The other great thing about this mode is that it can double as a teaching methodology. If I have a complicated interface that is not very discoverable, it may be hard to sell potential users on the time investment required to learn everything. Why would I want to invest hours into learning non-transferrable knowledge when I'm not even sure I want to go with this option versus a competitor? It will be a far better experience if I can first vibe-use the product , and if it's right for me, I'll probably be incented to learn the inner workings of it as I try to do more and more.

Izkata 4/1/2025||

> We want the precision and speed of using vi commands, but we want the discoverability of GUI document editors.

> The other great thing about this mode is that it can double as a teaching methodology.

gvim has menus and puts the commands in the menus as shortcuts. I learned from there vim has folding and how to use it.

earcar 4/1/2025||

Who's actually making the claim we should replace everything with natural language? Almost nobody serious. This article sets up a bit of a strawman while making excellent points.

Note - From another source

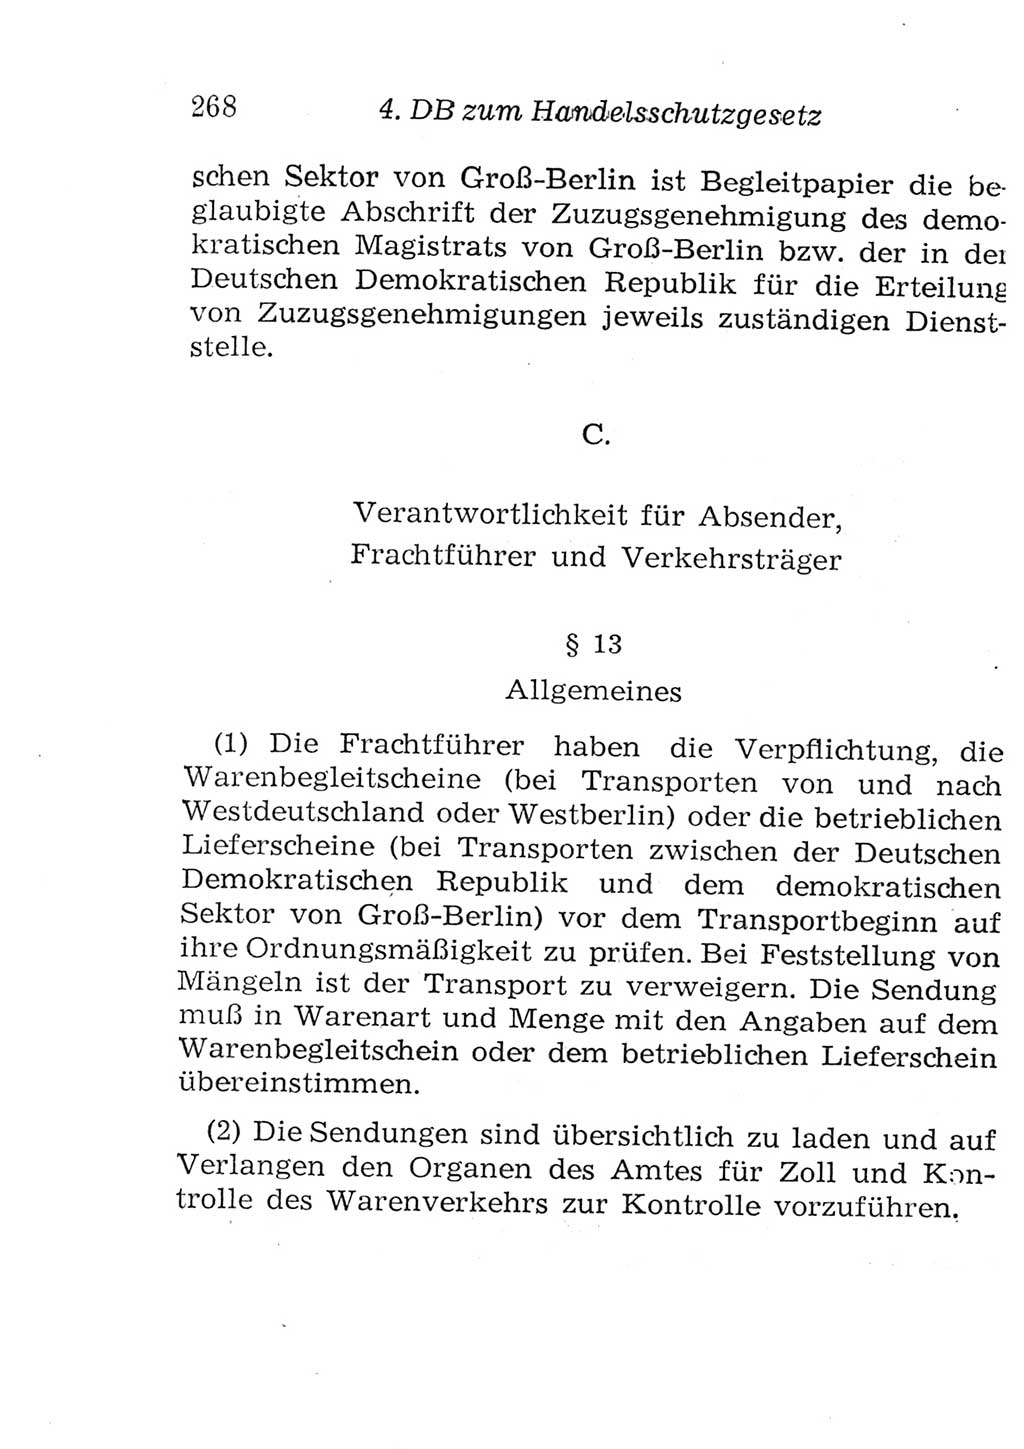 Strafgesetzbuch (StGB) und andere Strafgesetze [Deutsche Demokratische Republik (DDR)] 1957, Seite 268 (StGB Strafges. DDR 1957, S. 268)
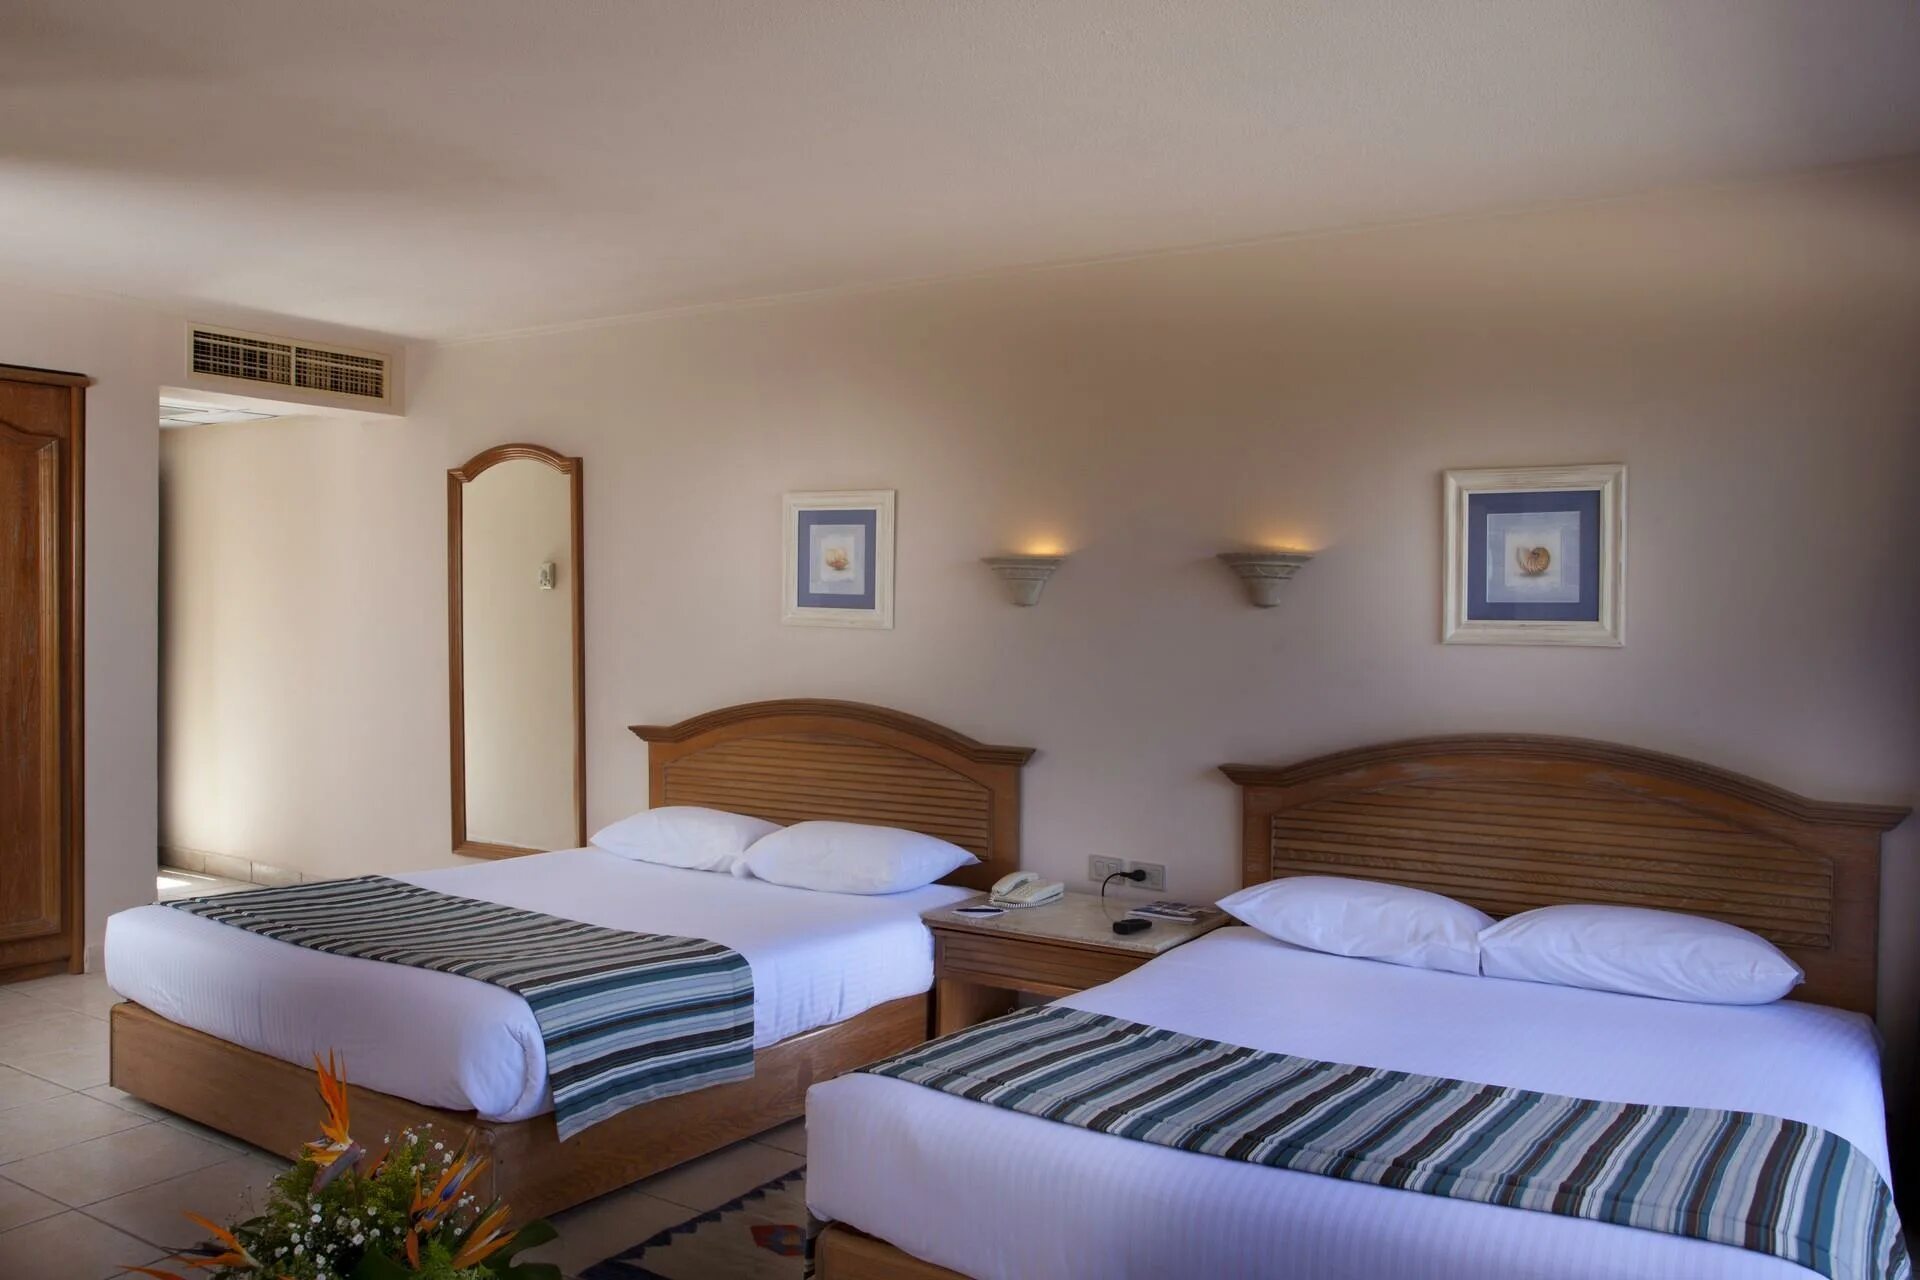 Отель Coral Beach Hotel Hurghada. Корал Бич Хургада. Coral Beach Hotel Hurghada 4. Египет Хургада отель Корал Бич Резорт 4 звезды.

What we're really seeing is specific applications where conversation makes sense, not a wholesale revolution. Natural language shines for complex, ambiguous tasks but is hilariously inefficient for things like opening doors or adjusting volume.

The real insight here is about choosing the right interface for the job. We don't need philosophical debates about "the future of computing" - we need pragmatic combinations of interfaces that work together seamlessly.

The butter-passing example is spot on, though. The telepathic anticipation between long-married couples is exactly what good software should aspire to. Not more conversation, but less need for it.

Where Julian absolutely nails it is the vision of AI as an augmentation layer rather than replacement. That's the realistic future - not some chat-only dystopia where we're verbally commanding our way through tasks that a simple button press would handle more efficiently.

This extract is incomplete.